Instructions for the task: Your copy begins at the line with "01888 tadao ando" and runs through the end of the data below. Set down only those lines exactly, without pictures.

BEGIN Exercise data

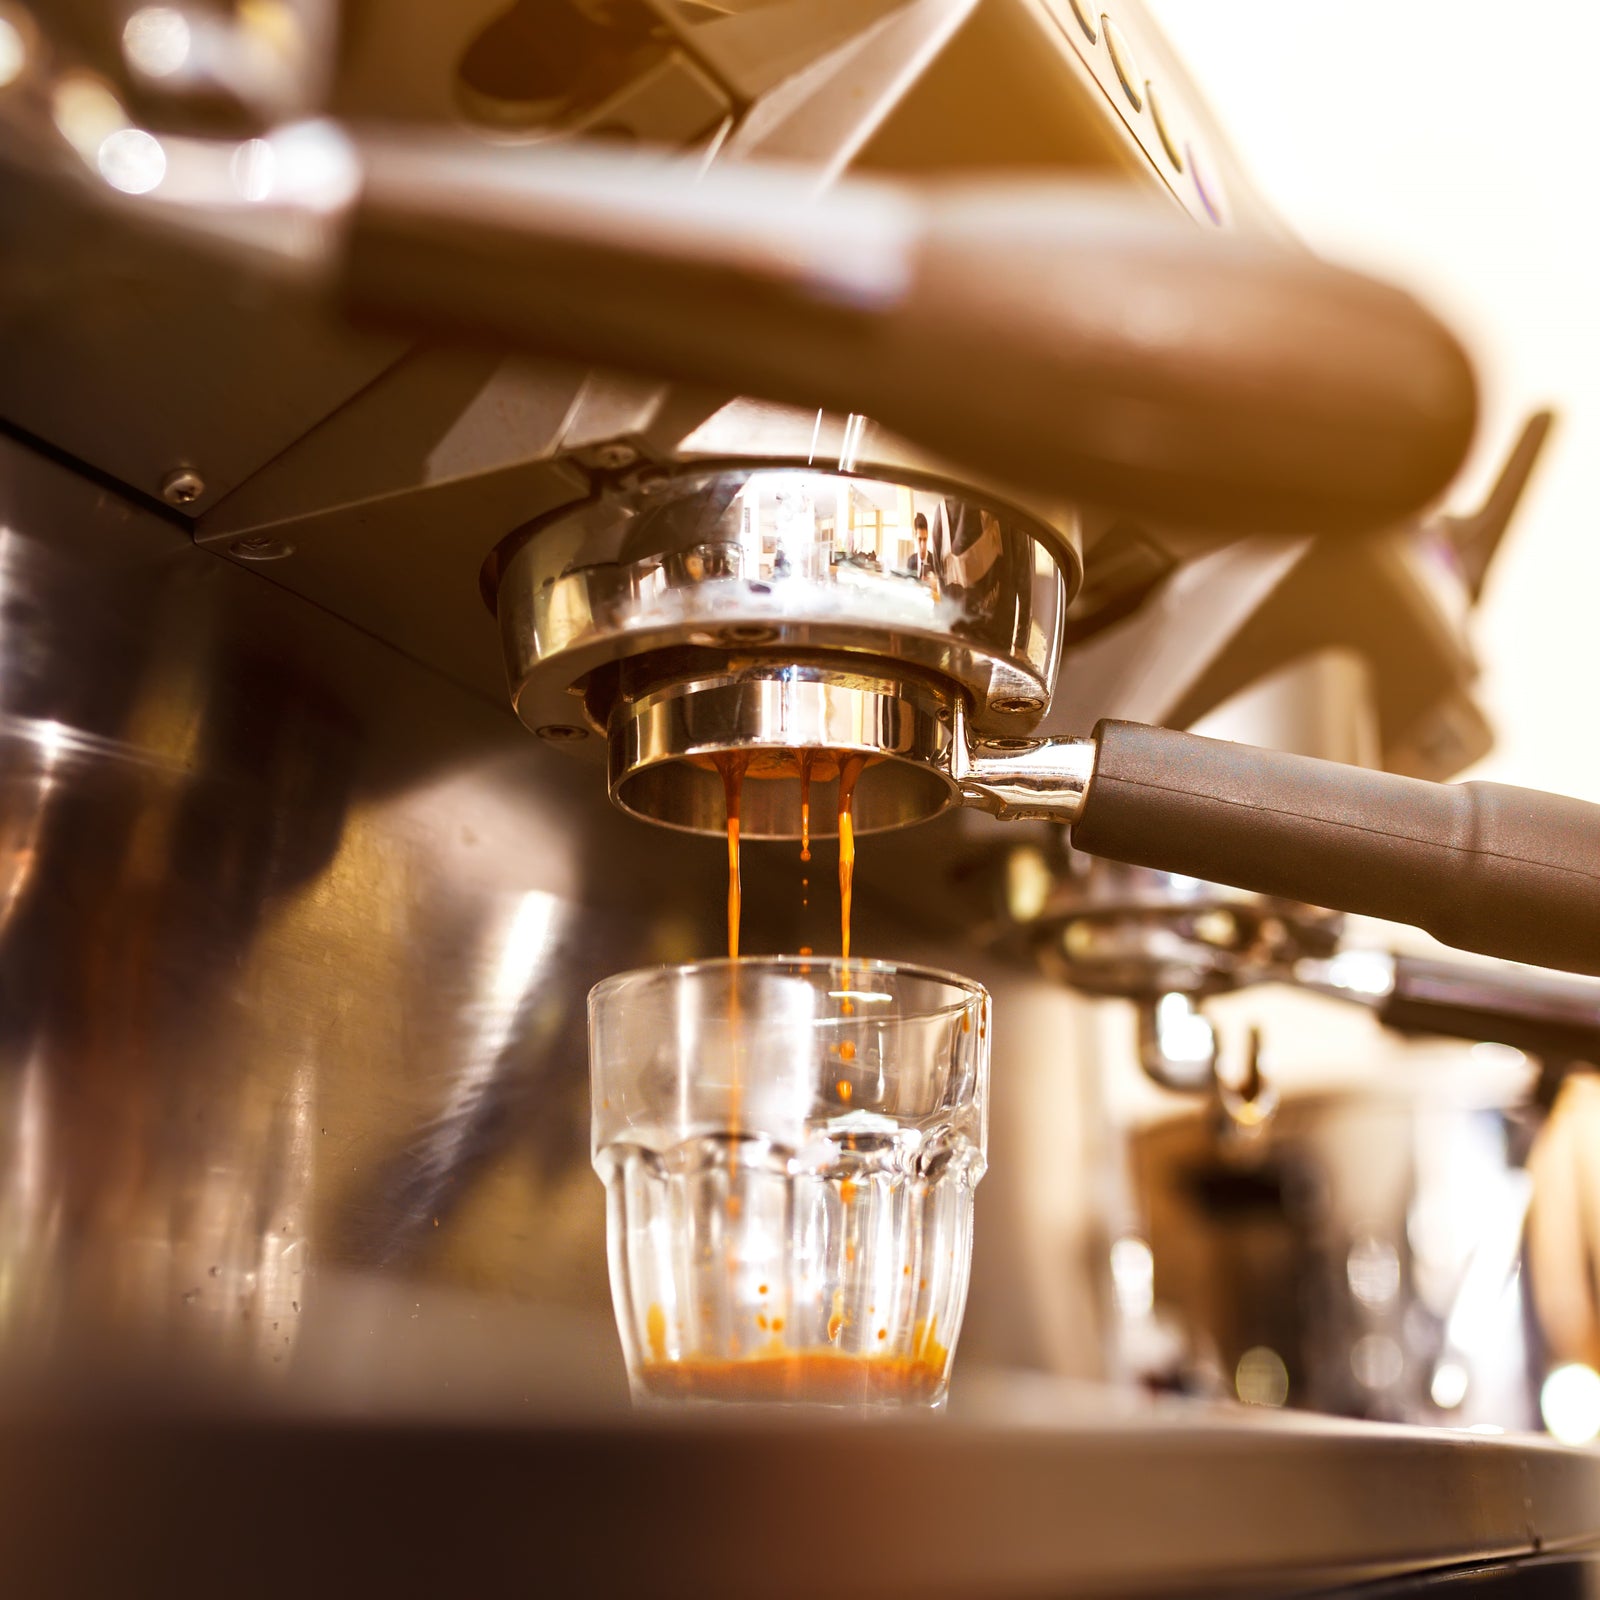 How to Make Espresso Without a Machine 3 Ways
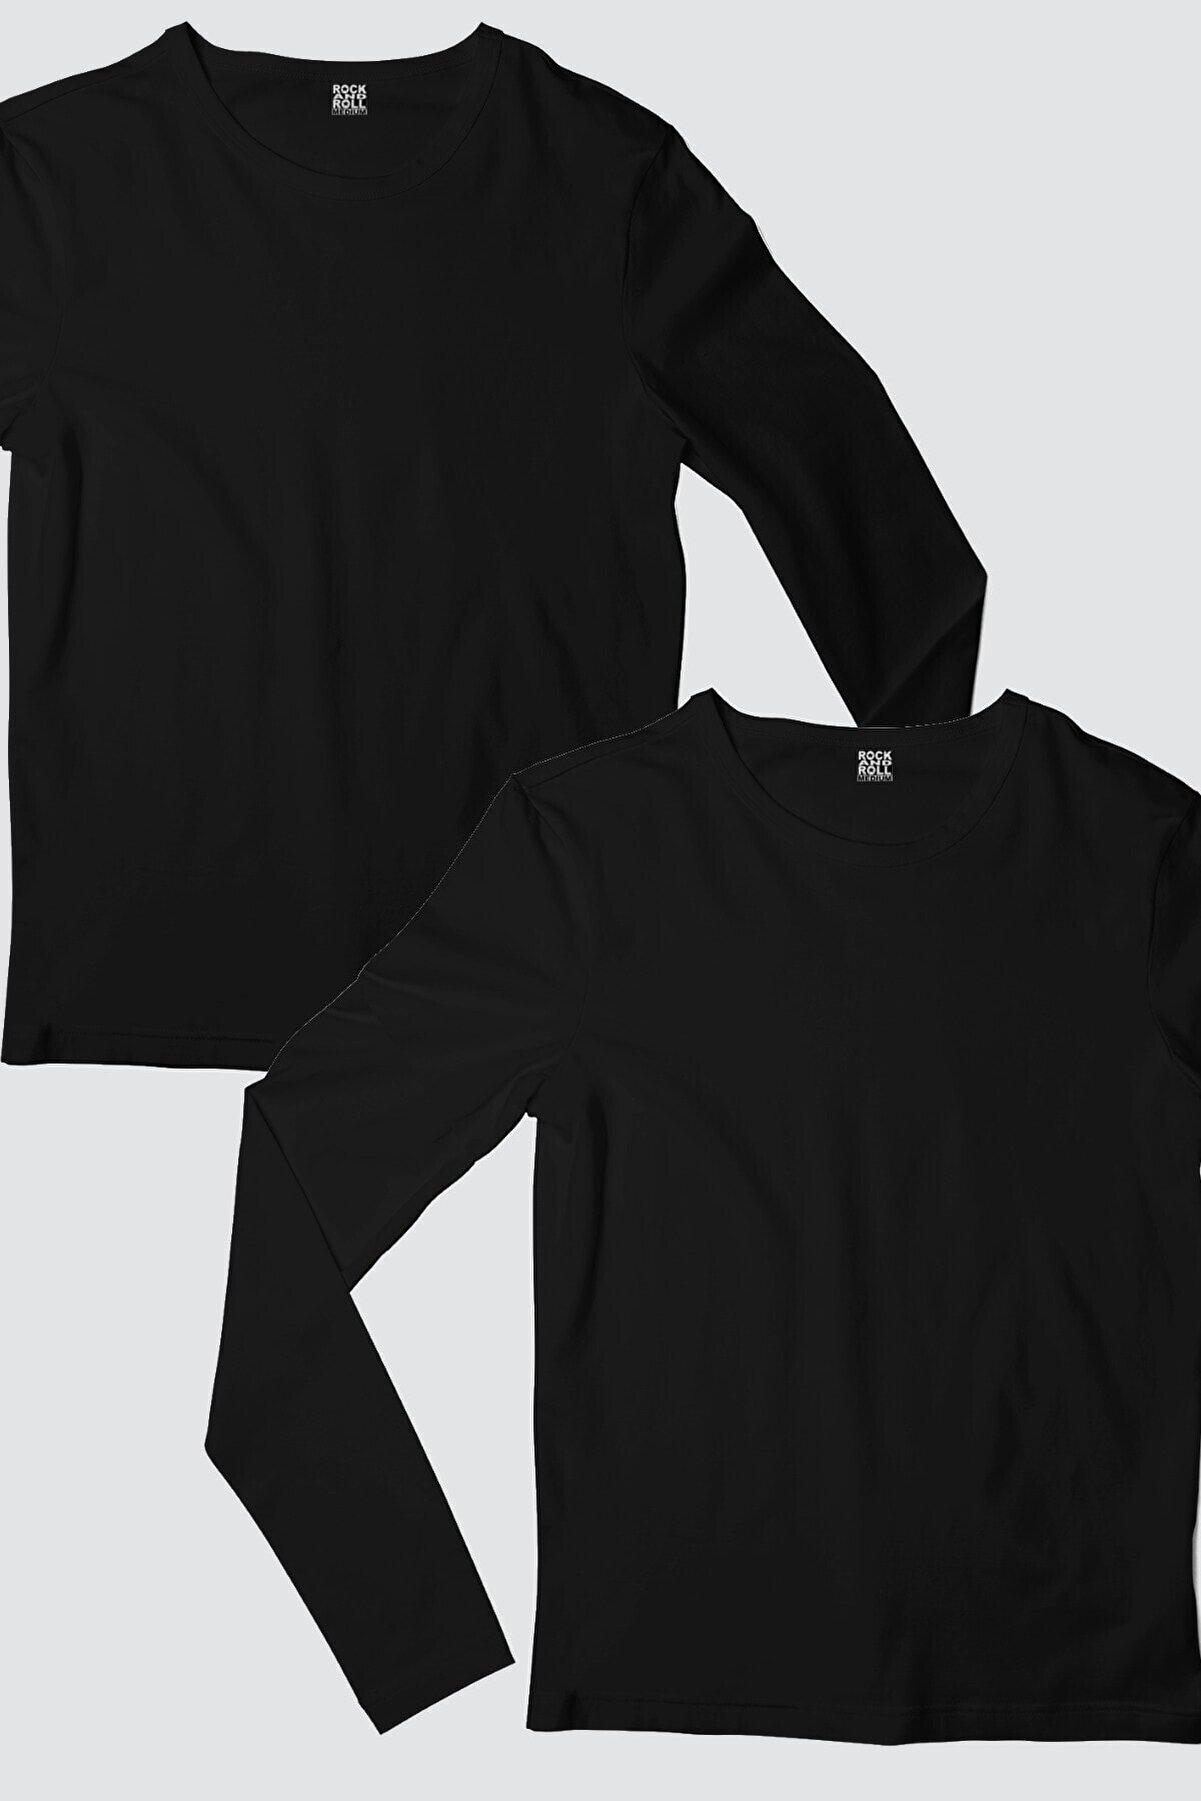 Düz, Baskısız Siyah Uzun Kollu Kadın T-shirt 2'li Eko Paket
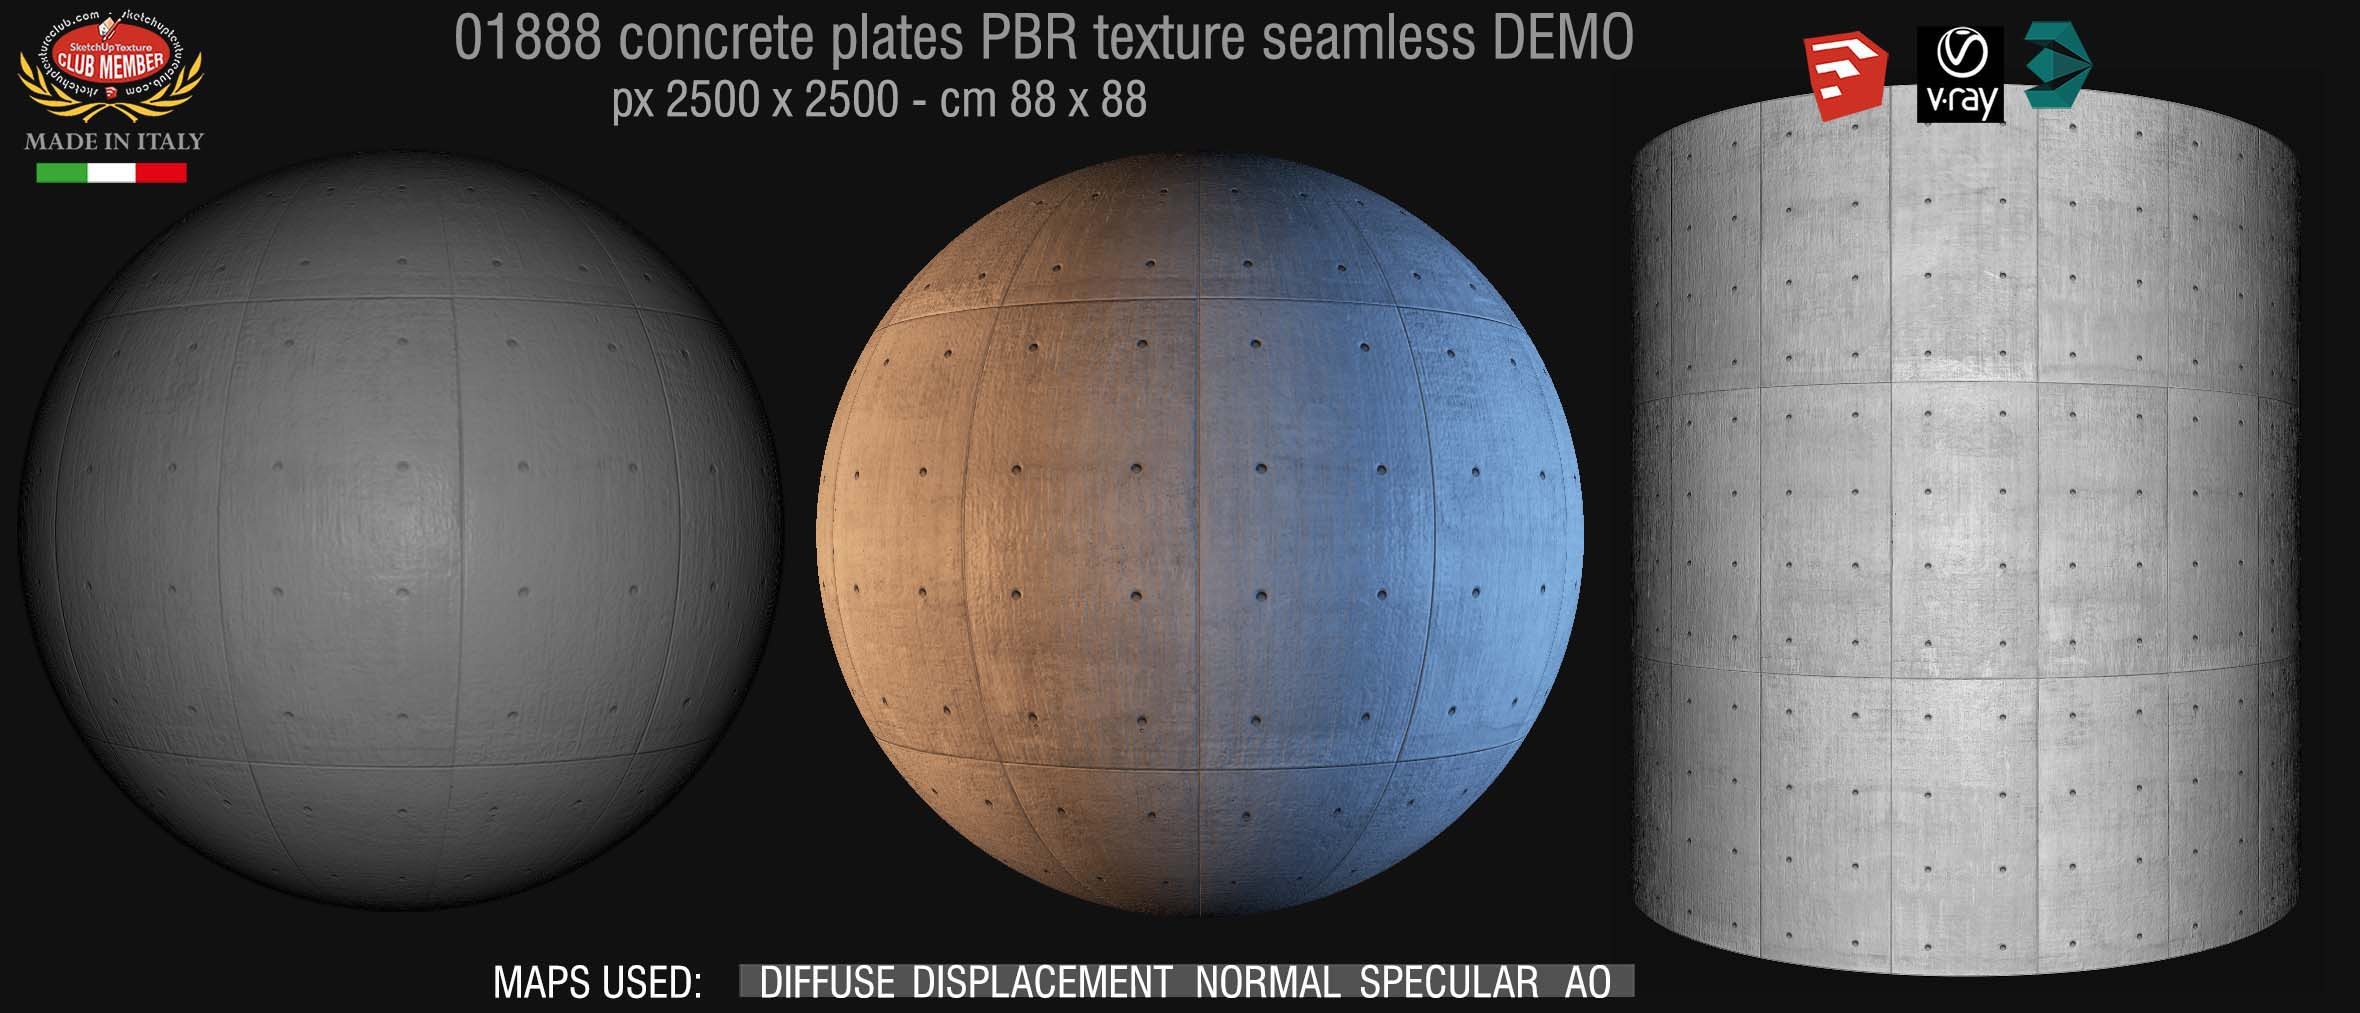 01888 tadao ando concrete plates PBR texture seamless DEMO
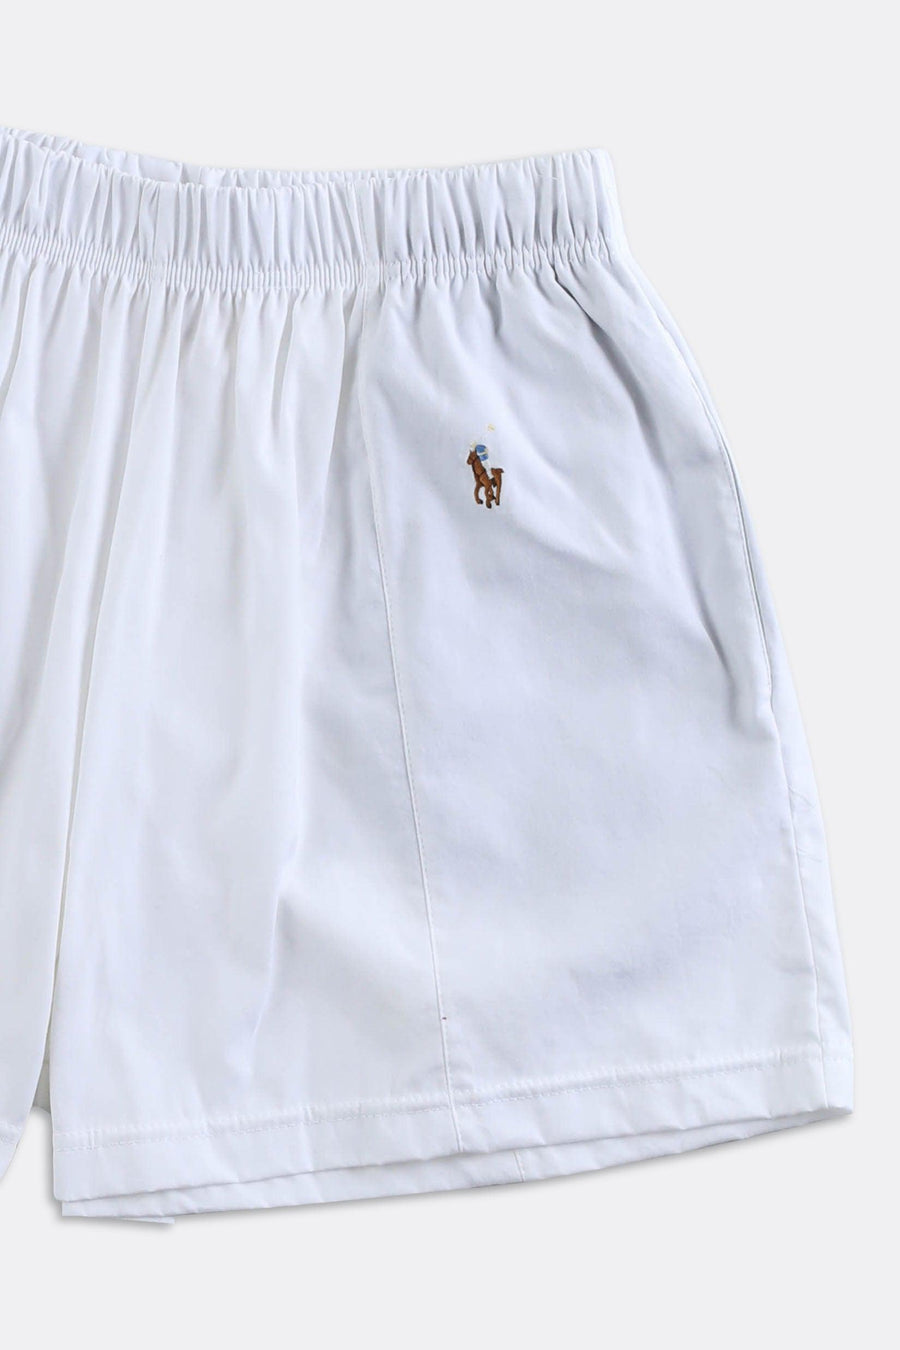 Rework Polo Oxford Mini Boxer Shorts - XS, S, M, L, XL

END Exercise data

Reply:
 01888 tadao ando concrete plates PBR texture seamless DEMO
 Rework Polo Oxford Mini Boxer Shorts - XS, S, M, L, XL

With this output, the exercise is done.